Every RAG system, every semantic search, every recommendation engine starts with embeddings. They turn text into numbers that capture meaning. OpenAI charges $0.13 per million tokens for their embeddings API. That adds up fast when you are indexing thousands of documents. More importantly, every document you embed through their API is sent to their servers. What if embeddings ran on your Mac for free, with zero data exposure?

Your Mac has dedicated AI hardware sitting idle most of the time. The Neural Engine, the Metal GPU, and unified memory are all capable of running embedding models at production speeds. You do not need a cloud API, a Python environment, or a vector database service. You need a model and an index.

What are embeddings and why do they matter?

An embedding is a function that takes text and returns a vector: an array of numbers, typically 384 to 1536 dimensions.
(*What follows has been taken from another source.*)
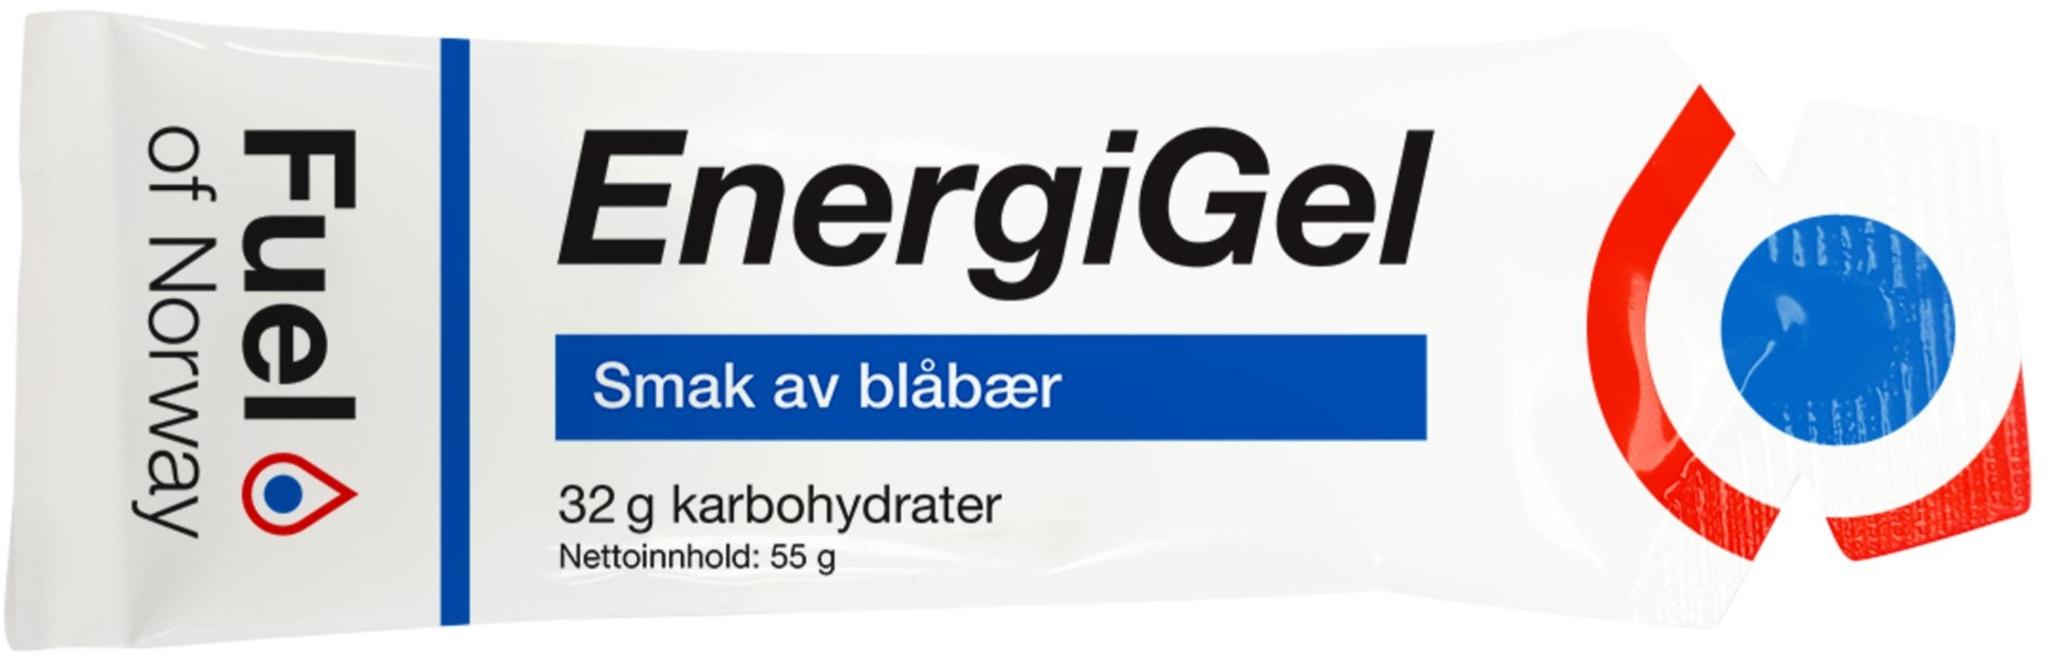 Energigel fra Fuel of Norway med forskjellige smaker og muligheten for koffein!

The key property is that similar texts produce similar vectors. "How do I reset my password?" and "I forgot my login credentials" produce vectors that are close together in the embedding space, even though they share no words.

This makes embeddings the foundation of any system that needs to understand meaning rather than match keywords:

Semantic search. Find documents by what they mean, not just what words they contain. A search for "authentication failure" surfaces results about login errors, credential issues, and session timeouts.

Retrieval-augmented generation (RAG). Give a language model relevant context from your documents before it answers. The embedding index finds the right passages; the LLM synthesizes the answer.

Clustering. Group similar documents automatically. Customer support tickets, research papers, code files. The vectors reveal structure that keyword analysis misses.

Deduplication. Detect near-duplicates even when the wording differs. Two documents describing the same policy in different language produce nearly identical vectors.

Recommendation. "If you read this, you might want to read that." Vector proximity is the simplest and most effective recommendation signal.

Without embeddings, search is limited to exact keyword matching. With them, your system understands language.

How do embedding models work?

Embedding models are transformers trained on massive text datasets. They learn to compress text into dense vectors where proximity reflects semantic similarity. The model reads input text, produces contextual token embeddings for each token, then pools them (usually mean pooling) into a single fixed-size vector.

Model size determines quality and speed. Smaller models (50-100M parameters) are fast and produce decent embeddings. They fit comfortably in memory and run at thousands of texts per second. Larger models (400M+ parameters) produce higher-quality embeddings with better performance on difficult retrieval tasks, at the cost of more memory and slower throughput.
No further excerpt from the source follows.